In other words, Israel is the only democracy where the taboo against foreign interference on questions of national self-definition has been lifted. In itself, this is extraordinary. More extraordinary is the fact that it has been lifted for a country whose name is synonymous with its self-definition. "The United States of America" denotes a political grouping; "The Netherlands" denotes a geographical location. In both cases, the identity of the state is necessarily a matter of choice. "Israel" denotes ancestry; it is an inherited identity, not a chosen one. To recognize a State of Israel is necessarily and primarily a recognition of that state's identity, rather than of its geographical extent or its political character.

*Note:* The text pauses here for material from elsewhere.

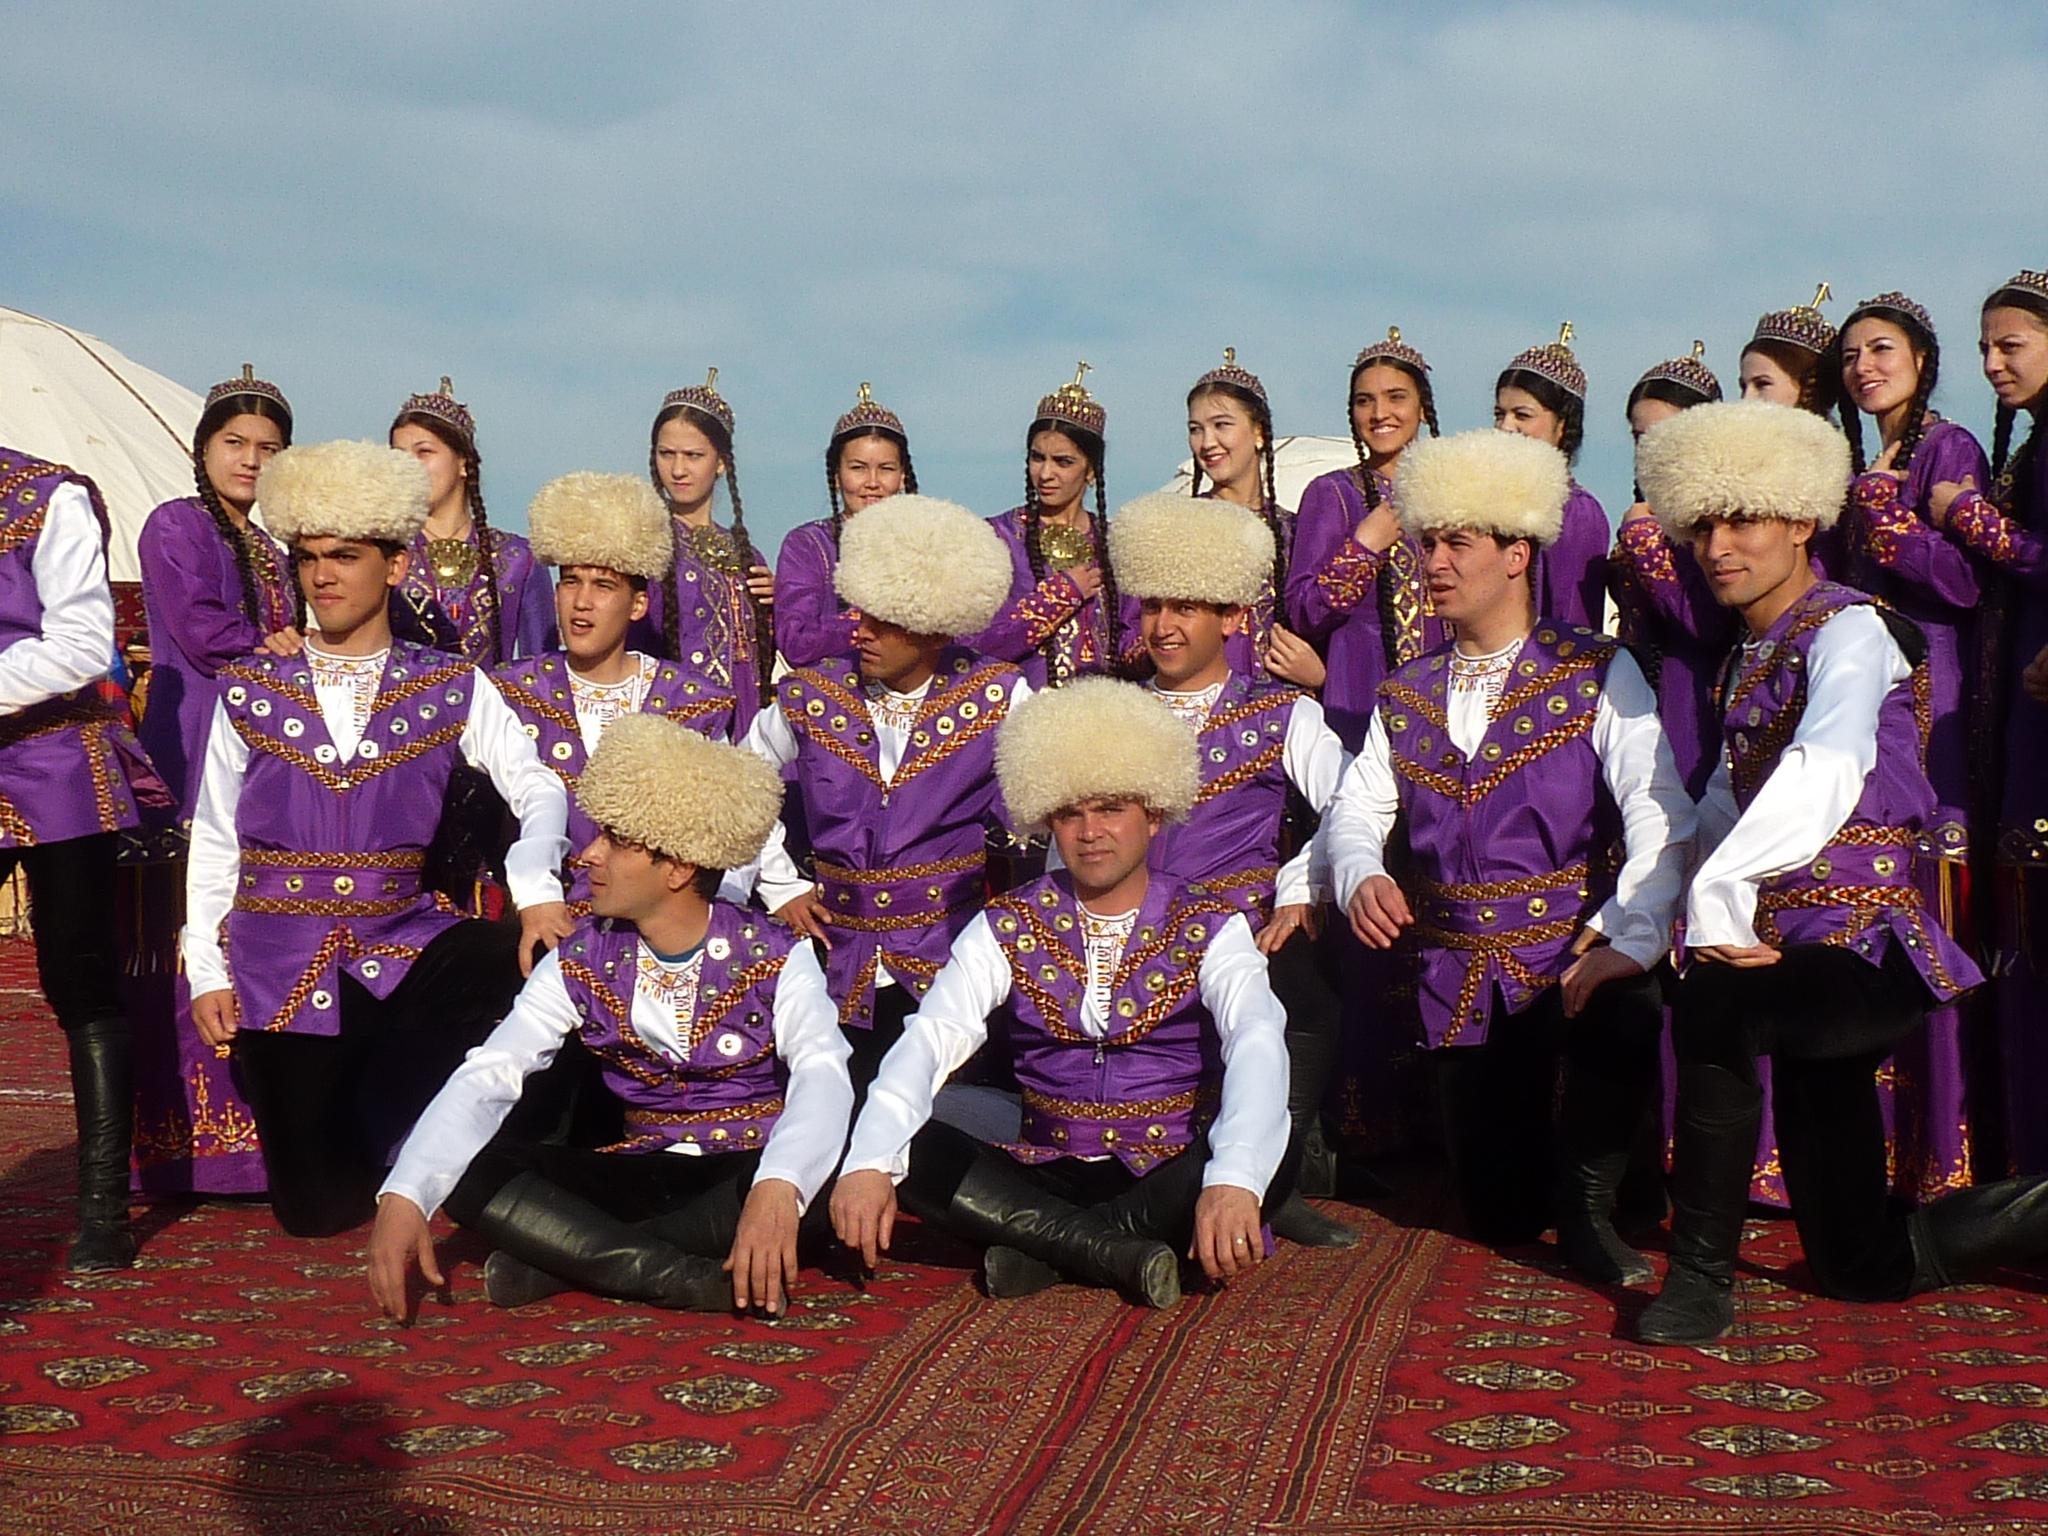 turkmen1

This, then, is half the answer to the question of whether Israel's identity as a Jewish state is a matter of choice or necessity. To recognize Israel is to recognizes a Jewish state; to argue, as my Dutch interlocutor did, that the Jewish character of the state ought at least to be a subject of debate is to say the state of Israel is at best a debatable proposition.

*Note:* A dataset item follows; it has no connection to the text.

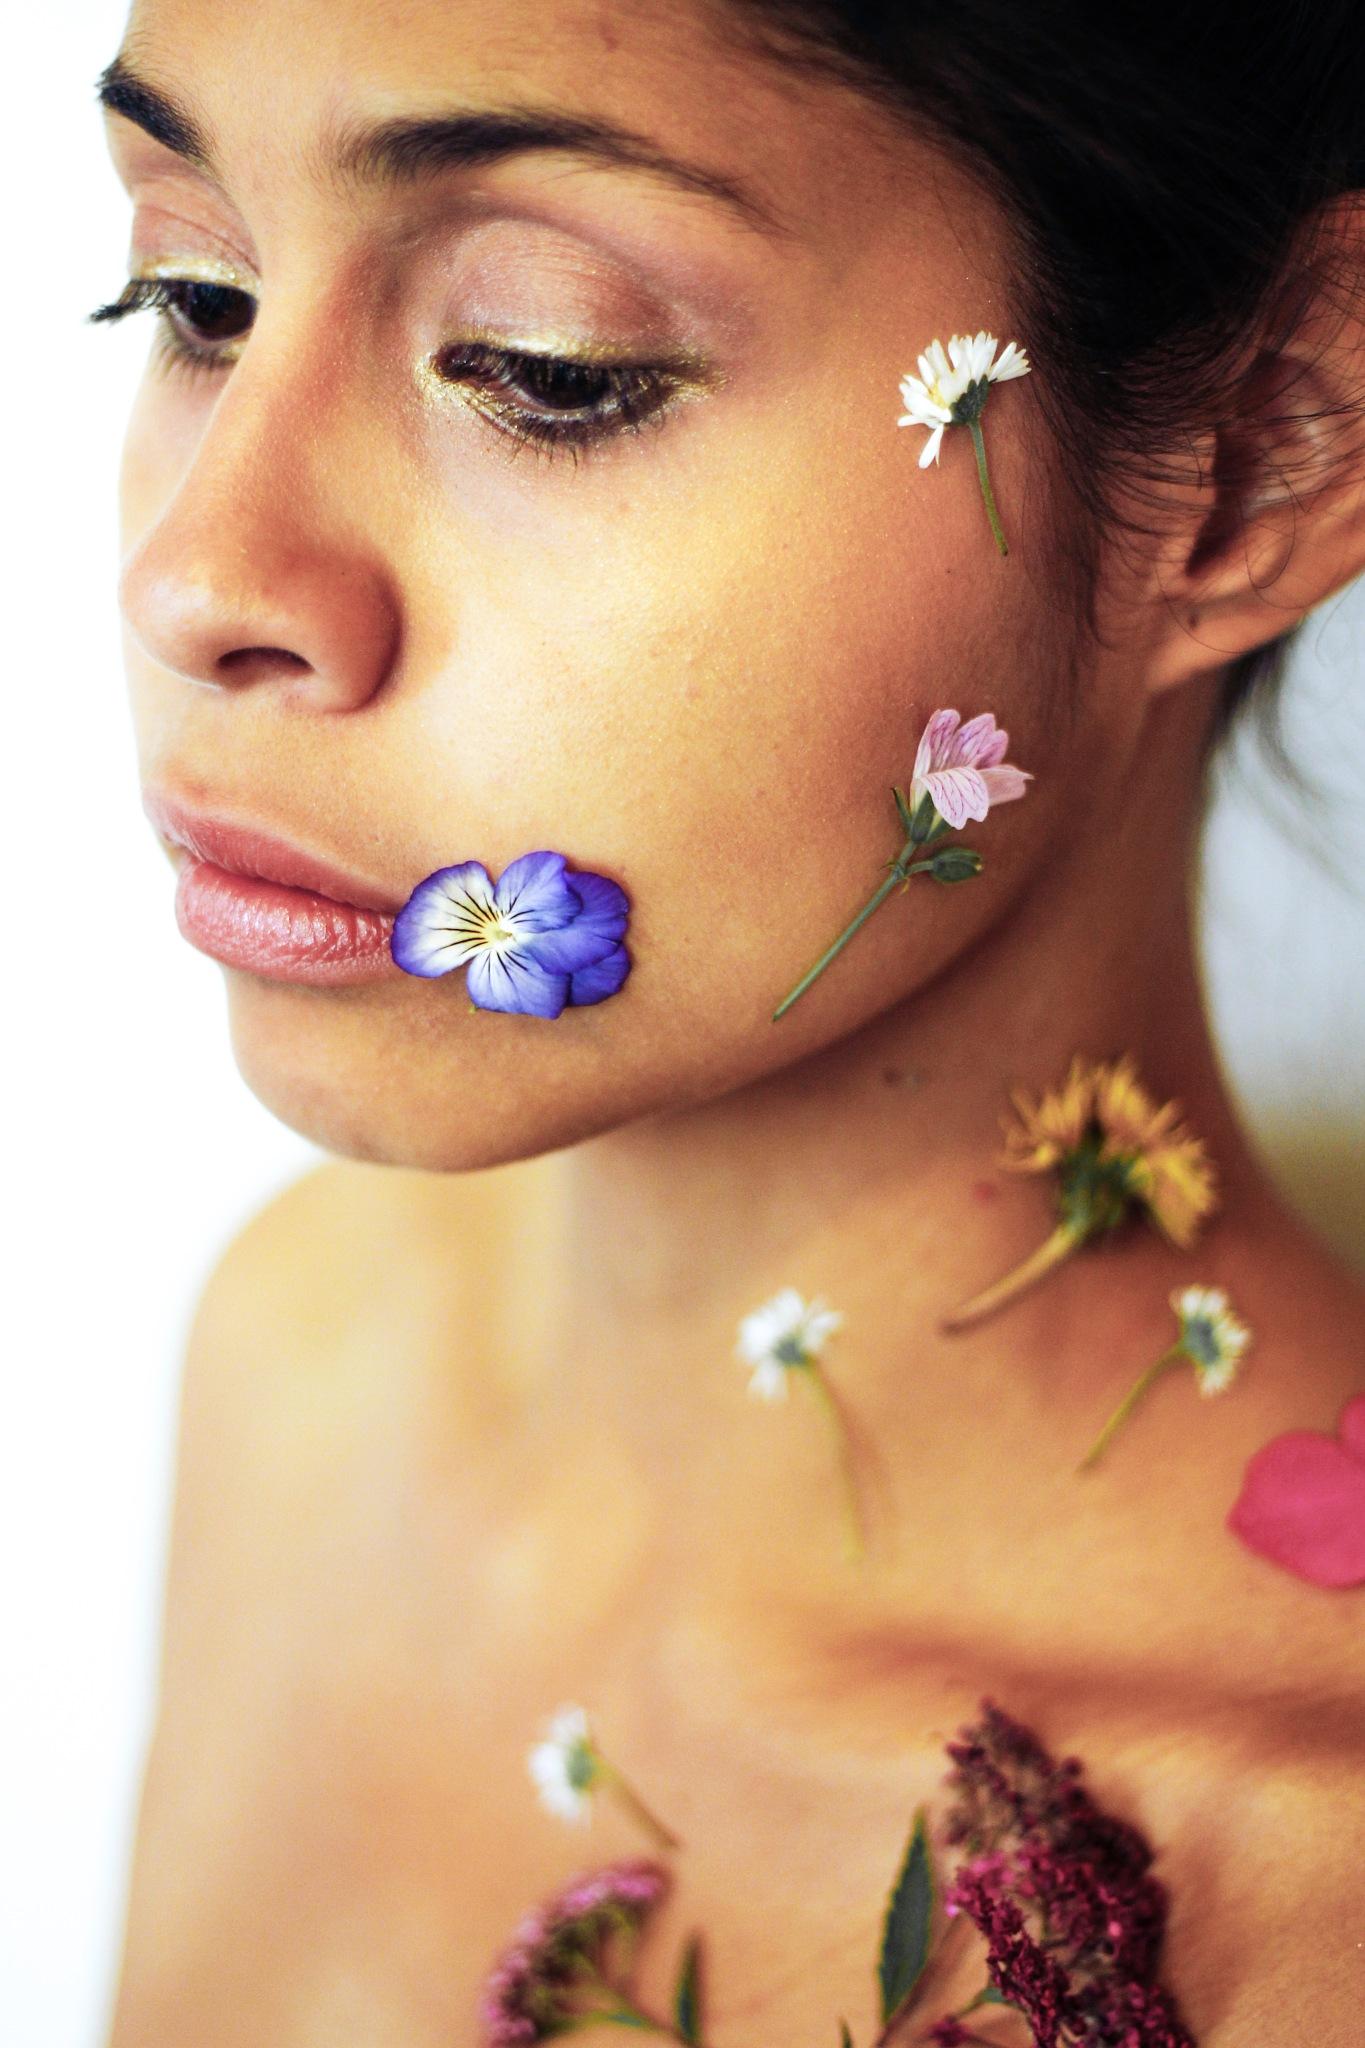 Ingrid by Annette Gonzalez Parra

The word normally attached to such a proposition, at least if made by an Israeli, is treason: "The offense of attempting by overt acts to overthrow the government of the state to which the offender owes allegiance." When the idea is proposed by a person belonging to another nationality, it approaches an act of war. In the case of the Jewish state, it is something else again: Not simply an act of aggression against a democratic government, but of the national identity of which that government is the sovereign instrument. The best linguistic approximation we have of this in English is "ethnocide," because it means the extinction of identity without necessarily implying physical extinction.
It might be said that the flip-side of ethnocide is assimilation E Pluribus Unum, the quintessentially American model of submerging particular identities into a universal identity. This is a fine model, at least when it works, which isn't all that often. It is also fine so long as it is voluntary; that is, so long as individuals are willing to exchange inherited identities for chosen ones. But the overwhelming majority of Israelis have opted for the opposite course; that is, they have chosen> to stick with their inherited identity. To propose a binational state, or to demand it, or to countenance it, is to deny Israelis not only their Jewish inheritance but also their democratic wish to live in a Jewish state.

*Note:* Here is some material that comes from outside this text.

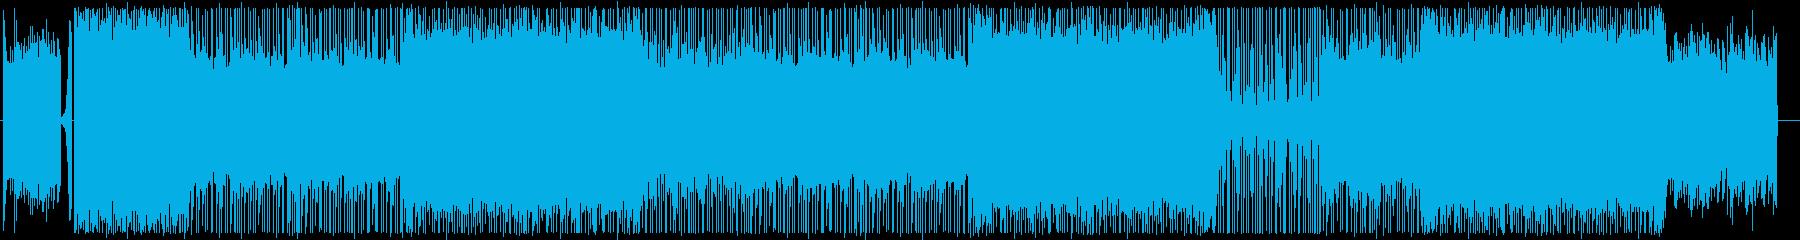 ピアノ/ヒップホップ/サイバー/#2の再生済みの波形

It is fast becoming accepted wisdom in Europe that the only genuinely democratic, just and equitable solution to the Israeli-Palestinian conflict is either a two-state solution A state of "Palestine" on the one side, a state for "all its citizens" on the other or a binational state. Excluded from the list of acceptable options is a Jewish state (whatever its geographical extent), a state that functions primarily and explicitly for its Jewish citizens. This is the new taboo.
I have deliberately omitted from this essay a discussion of what a binational state would soon descend to, namely, Lebanon. Right now, I'm not interested in practical arguments or probable consequences. The Dutch journalist made an argument from principle, and those are the grounds on which I have responded. Those principles seem to be that Jews have neither a right to national identity nor to democratic choice. There's a term for this too: Anti-Semitism.
By coincidence, my encounter with the Dutch journalist fell very nearly on the 60th anniversary of Anne Frank's arrest. That's barely two generations.The fruit never does fall very far from the tree.